How to make the BEST whole wheat bread

How to make the BEST whole wheat bread

posted in: Artisan, Bread, Whole Wheat | 3

So before you continue reading, let me warn you that this is not a 2 hour recipe. This is a 2 day, 3 step recipe. Still with me? Good. Before I scare you away further, let me add that none of the steps are complicated or require any fancy equipment (except maybe a mixer to knead). Trust me, your time and effort will be greatly rewarded. This recipe produces a tender, soft loaf with a light and crispy crust. The flavor of the bread is incredible, there is no “bad”, slightly bitter whole wheat flavor to be found, nor is there buckets of honey and sugar trying to mask it. This is by far the best whole wheat recipe I’ve ever created, and I’m so excited it to share it with you.

Sadly this is not a 100% whole wheat bread, but with 60% it definitely counts as a nutritious loaf. Since working in a few bakeries I have sadly noticed that most “whole wheat” loaves are mostly white bread with about 10%-20% whole wheat flour purely for taste, one place even added cocoa to make the loaf look darker and therefore customers would assume it to be “healthier”.

Ingredients for Day 1: Yields 3 loaves
100 g White Bread Flour
75 g Whole Wheat Flour
140 g Cold Water
2 g Instant Yeast

Ingredients for Day 2:
450 g Whole Wheat Flour (I used all purpose)
450 g HOT Tap Water

250 g White Bread Flour
24 g Salt
10 g Sugar
4 g Yeast
Optional- Fresh parsley for garnish

Day one

Step 1:
Mix all ingredients in a big bowl. It’s cool if its a little lumpy – no kneading necessary! This is your “poolish”, cover the bowl and leave out at room temperature until tomorrow. Your poolish will add excellent depth of flavor and chewiness to the final bread. Day one is over! Pat yourself on the back for planning ahead, and continue on with your day.

Day two

Step 2:
Mix whole wheat flour with your very hot water. This is called a “mash”. By soaking the whole wheat grains, they become softer, more digestible and sweeter. Now let your mash sit at room temperature for 45 minutes to 2 hours, whatever fits your schedule better.

Step 3:
Now it’s kneading time. Combine your poolish from day one, your mash from day two, and the remaining ingredients into your mixing bowl. Knead on low speed for 3 minutes and then on medium speed for 7. The dough should be smooth yet fairly slack/loose/wet (Choose whichever adjective best suits your mood). It will form a dough ball while the mixer is on, but will quickly droop to the bottom of the bowl when off. I had to use a spatula to transfer the dough. I like to let my dough rise in a plastic tupperware because then I can see its progress. But any sprayed bowl will do. Let rise until it has almost doubled in bulk. I’m estimating here at 2 hours. Now perform 2 gentle folds in the bowl/tupperware. I like to grab one side of dough with wet hands and lift it 1/2 way out of its container and gently fold it over itself, rotate 90 degrees and repeat. Let the dough rest for another 30 minutes.
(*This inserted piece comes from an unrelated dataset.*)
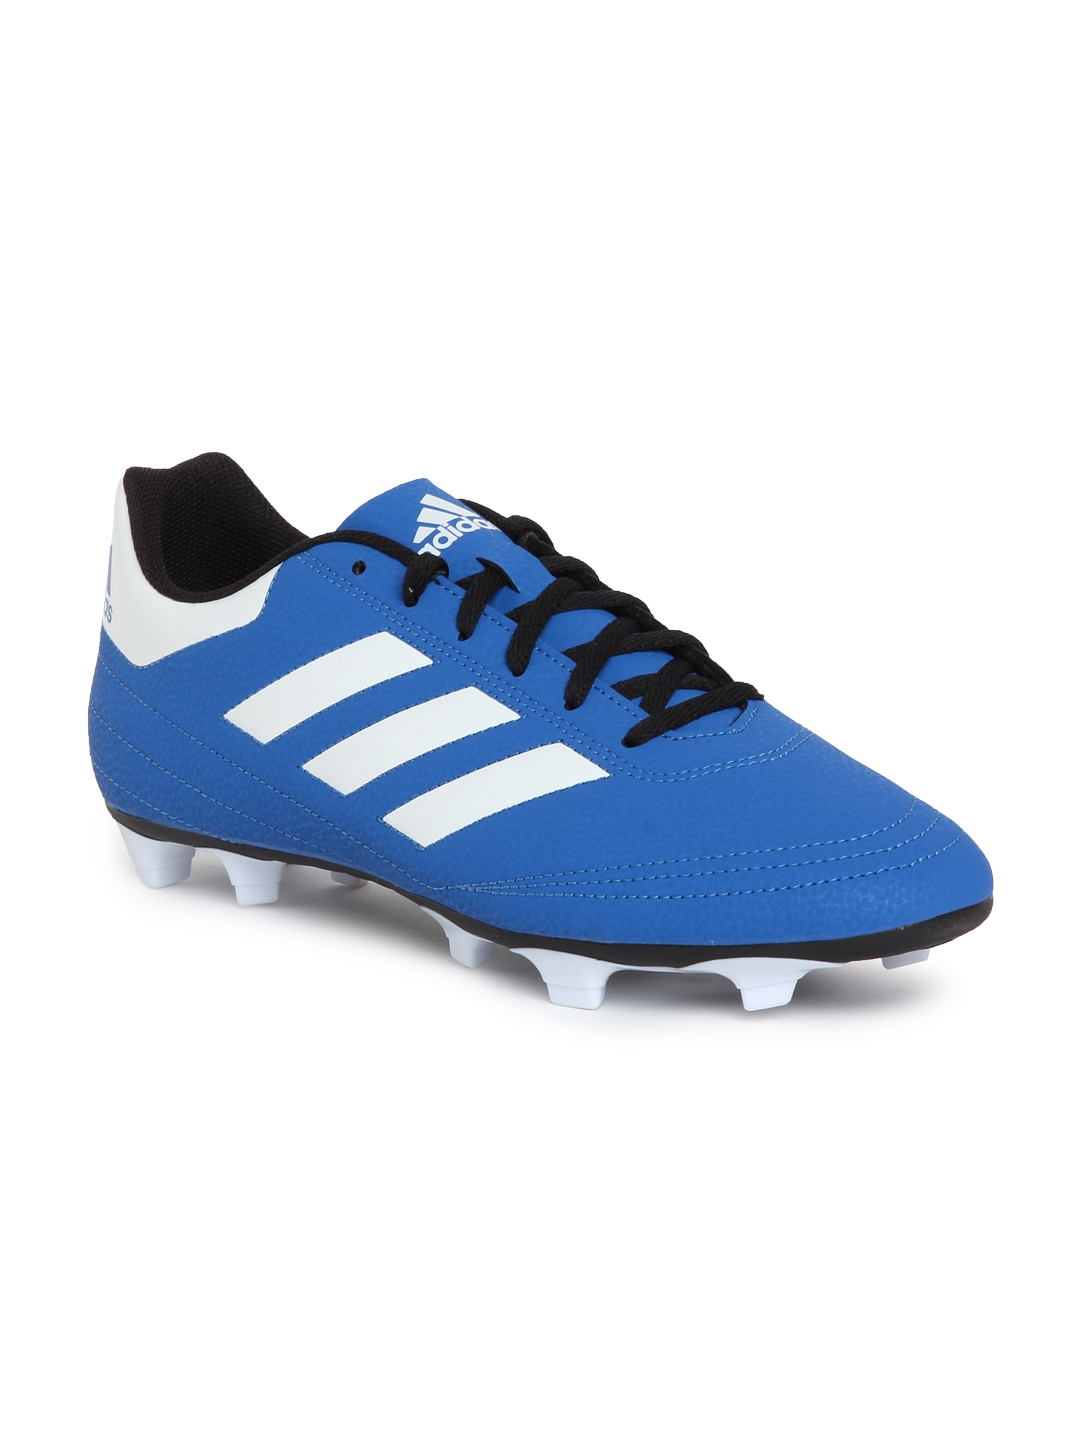 Buy Adidas Men Blue Goletto Vi Fg Football Shoes Sports Shoes

Now it is time shape the dough as you please, either directly onto your baking sheet or into a well-floured banneton. I did both, and I found my bread had more rise when shaped directly onto the baking sheet, but looked very pretty with the spiral pattern on the banneton. Let the dough rise once more for about 1 hour. Preheat your oven to 400F when your dough starts to look ready. If you would like to add some parsley garnish, simply cut of the stems, run leaves under cold water and stick onto bread. Make sure to then generously sprinkle flour over the parsley leaves or they will burn. I used a pastry brush to take off extra flour once it had cooled. Bake for about 20 minutes until the crust is hard and golden brown. When I placed my baking sheets in the oven I also threw 1/2 cup of water onto the elements to create some steam, more rise and a crisper crust.

Eat, freeze or share! Let’s review what makes this bread great:
Poolish- adds a slightly sour flavor, and lends to a chewier crumb.
Mash- hydrates the whole wheat flour so that the final product is naturally sweeter and softer.
Sugar- cuts any left-over bitter flavor.
Small amounts of yeast- also helps with flavor and lends to a more open crumb.

3 Responses

  1. Ooooh, looks yummy indeed. Makes me want a couple of slices now but in this instance patience is a virtue. Great step by step instructions Paige which I might just have to try. Thanks!

  2. P.S. I love your new banner!

  3. Yum that looks amazing. Love the detailed instructions and explanations for each step. I hope to make this sometime!